What you are asked to do → Retype only the lines below from the one with "60 cent Stephanie Alexander stamp" to the one with "Bathroom design with glass block", inclusive, skipping every image.

Data provided →
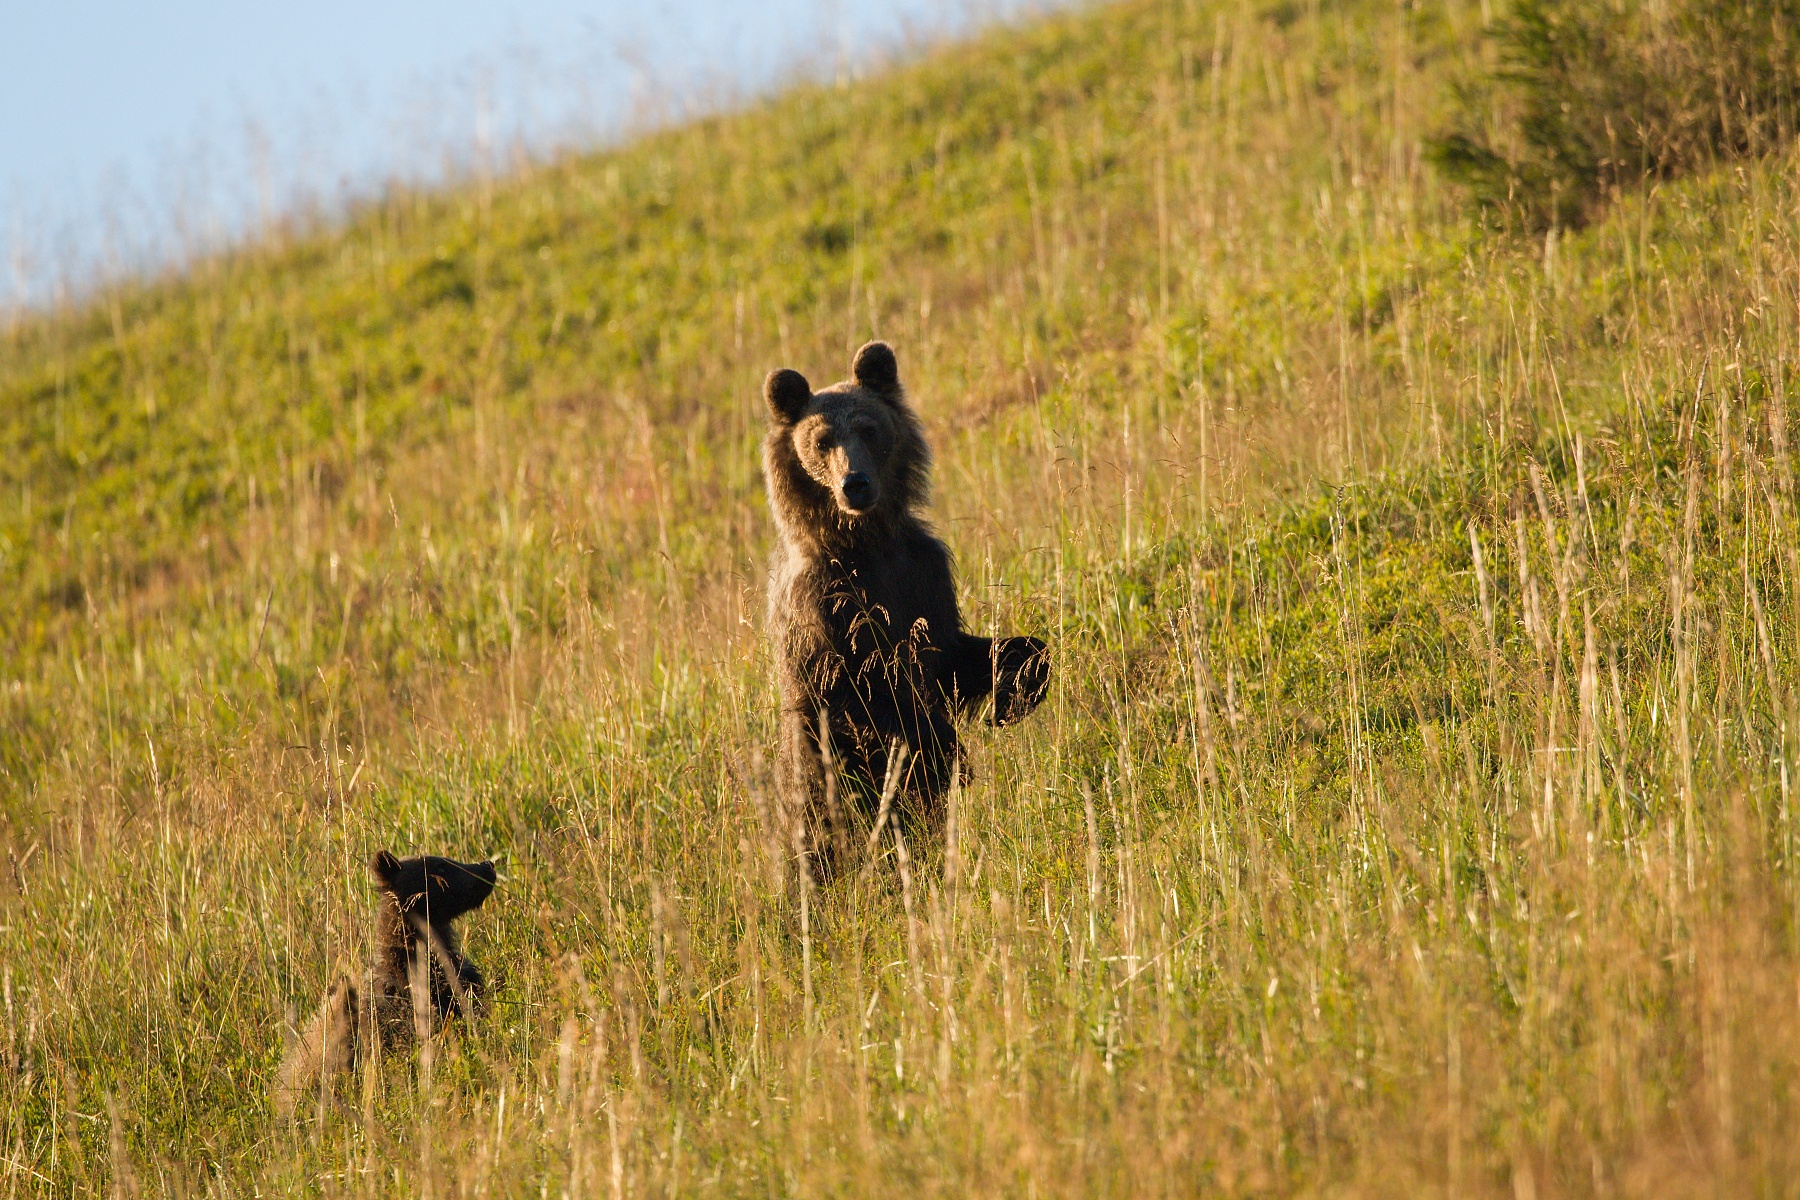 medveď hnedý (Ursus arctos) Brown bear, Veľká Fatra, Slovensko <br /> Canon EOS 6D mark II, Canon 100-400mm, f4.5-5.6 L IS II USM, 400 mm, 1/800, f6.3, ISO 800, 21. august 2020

...

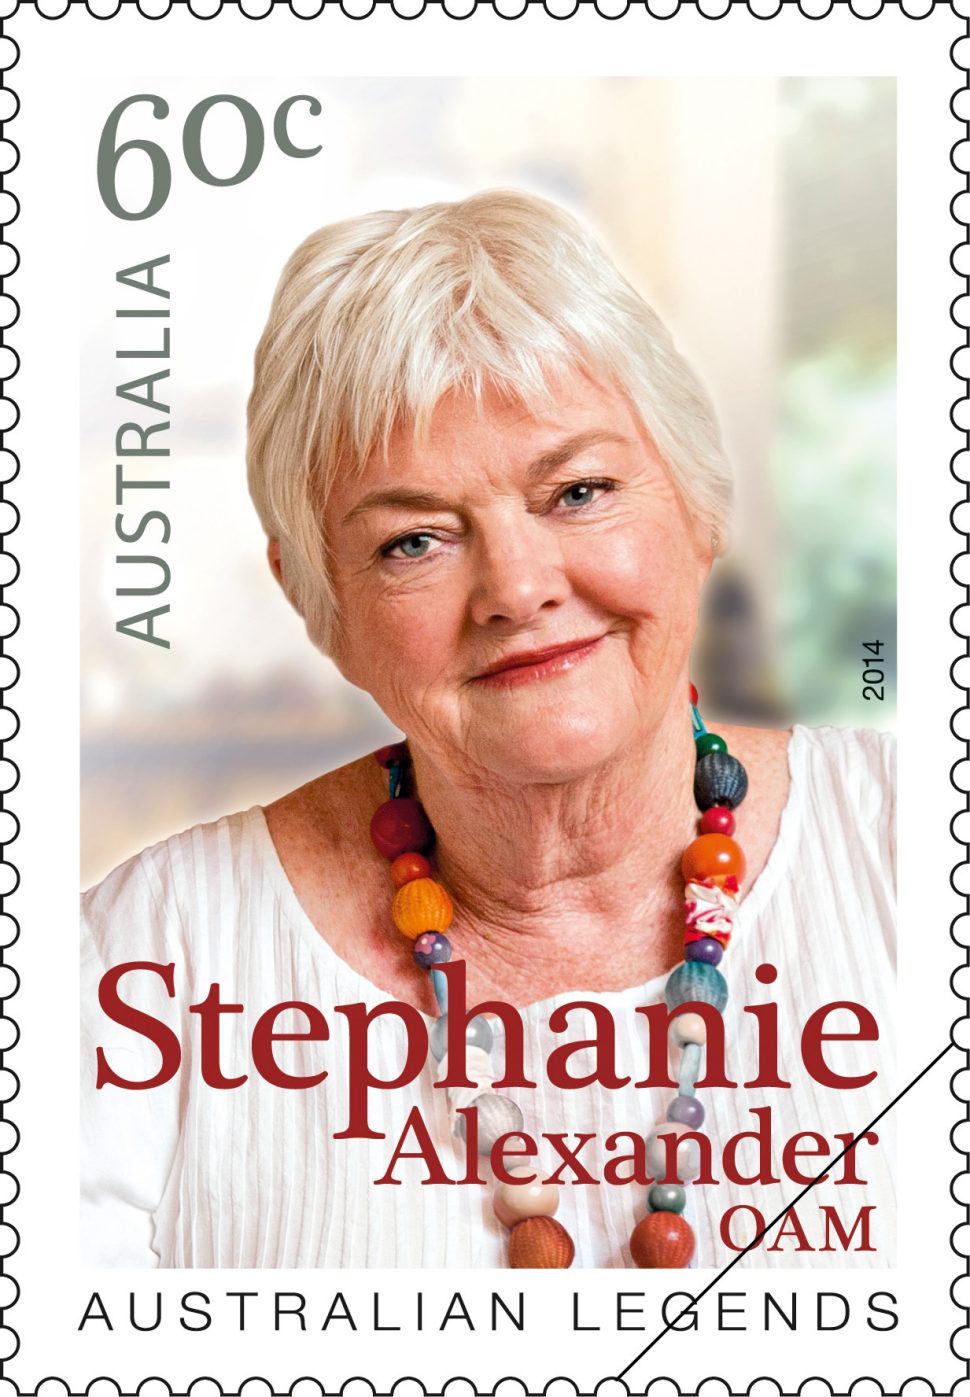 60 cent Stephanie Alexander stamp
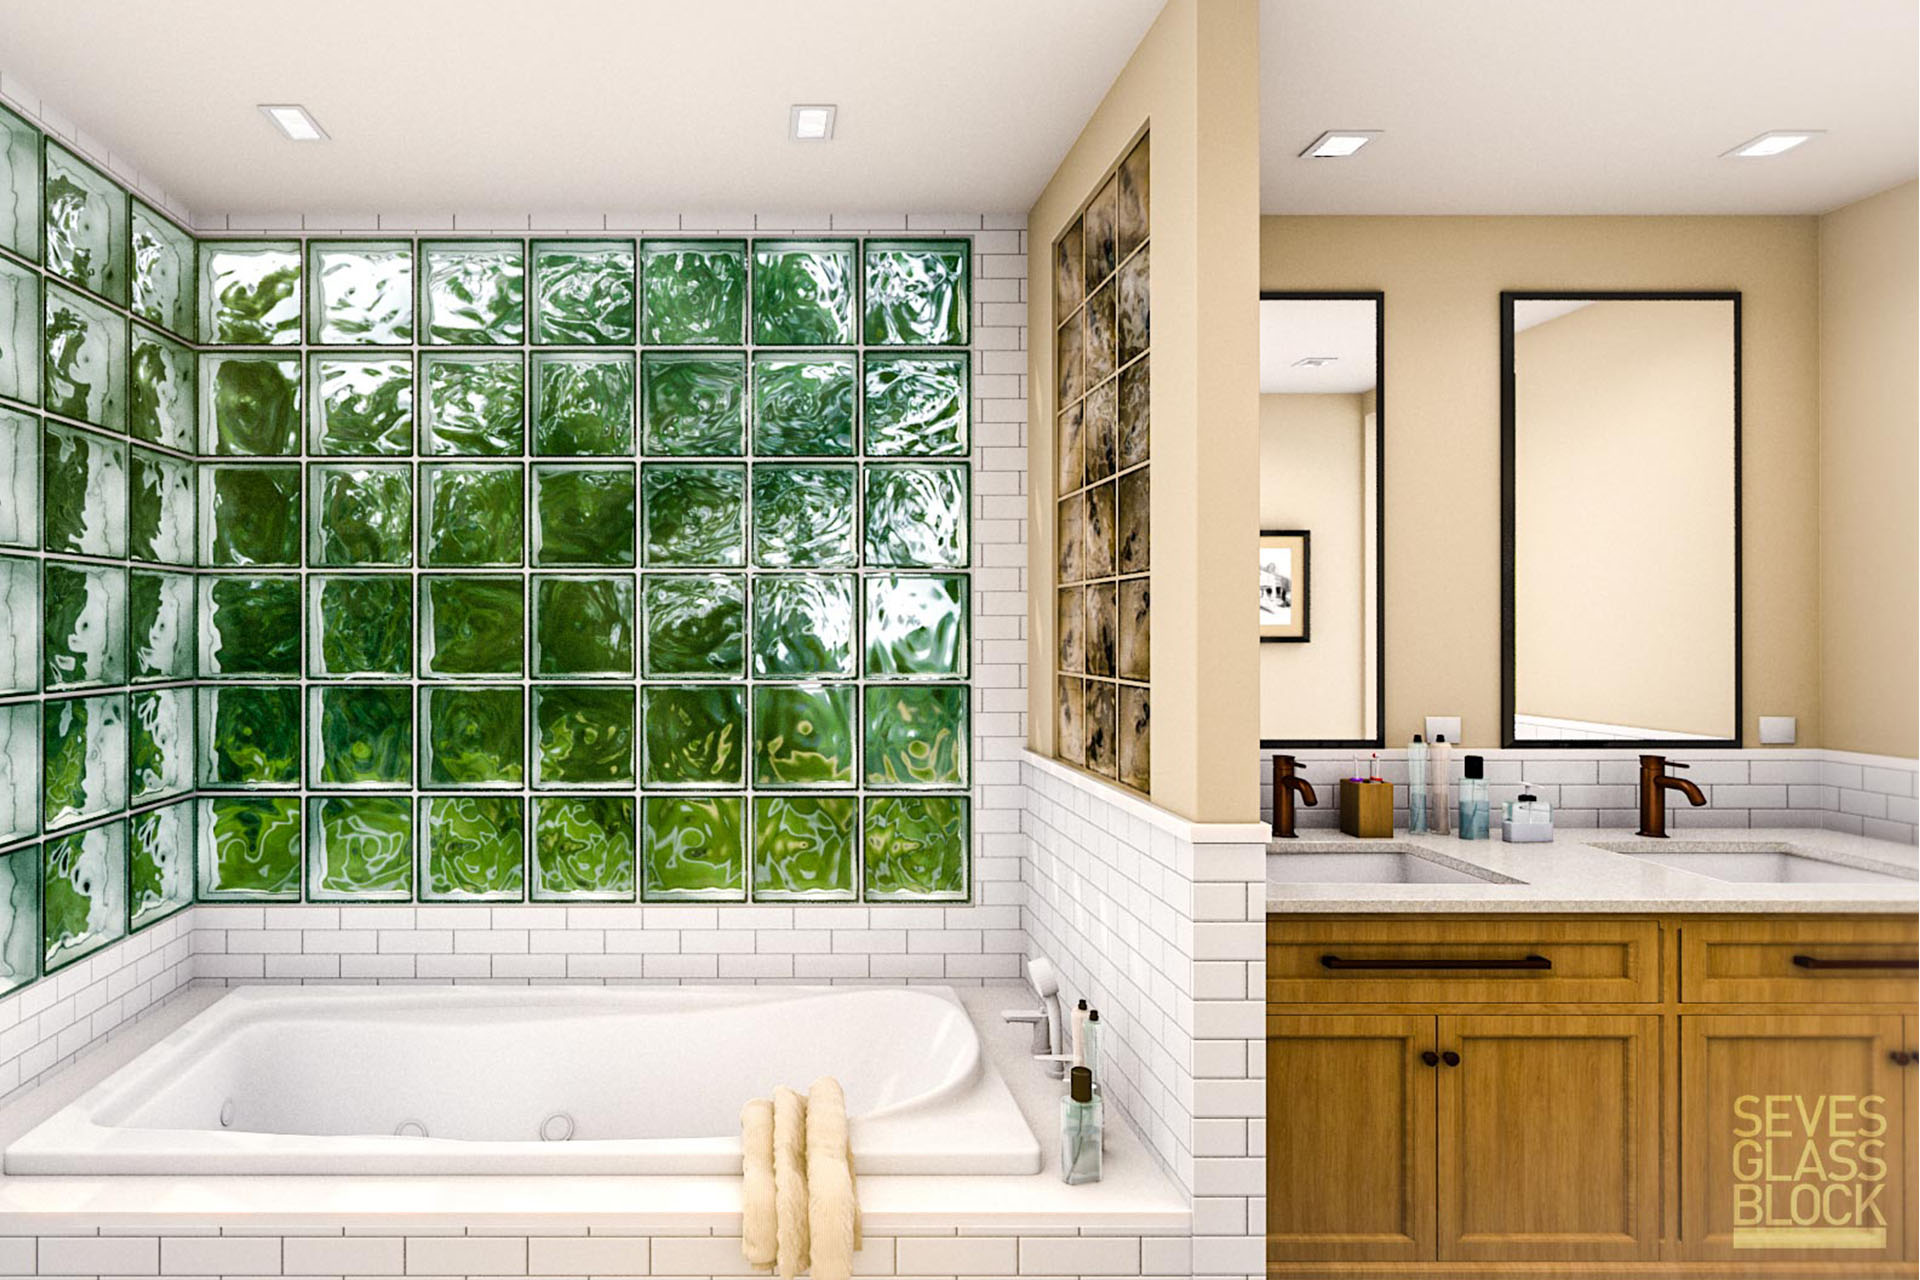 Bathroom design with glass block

Your response →
 60 cent Stephanie Alexander stamp
 Bathroom design with glass block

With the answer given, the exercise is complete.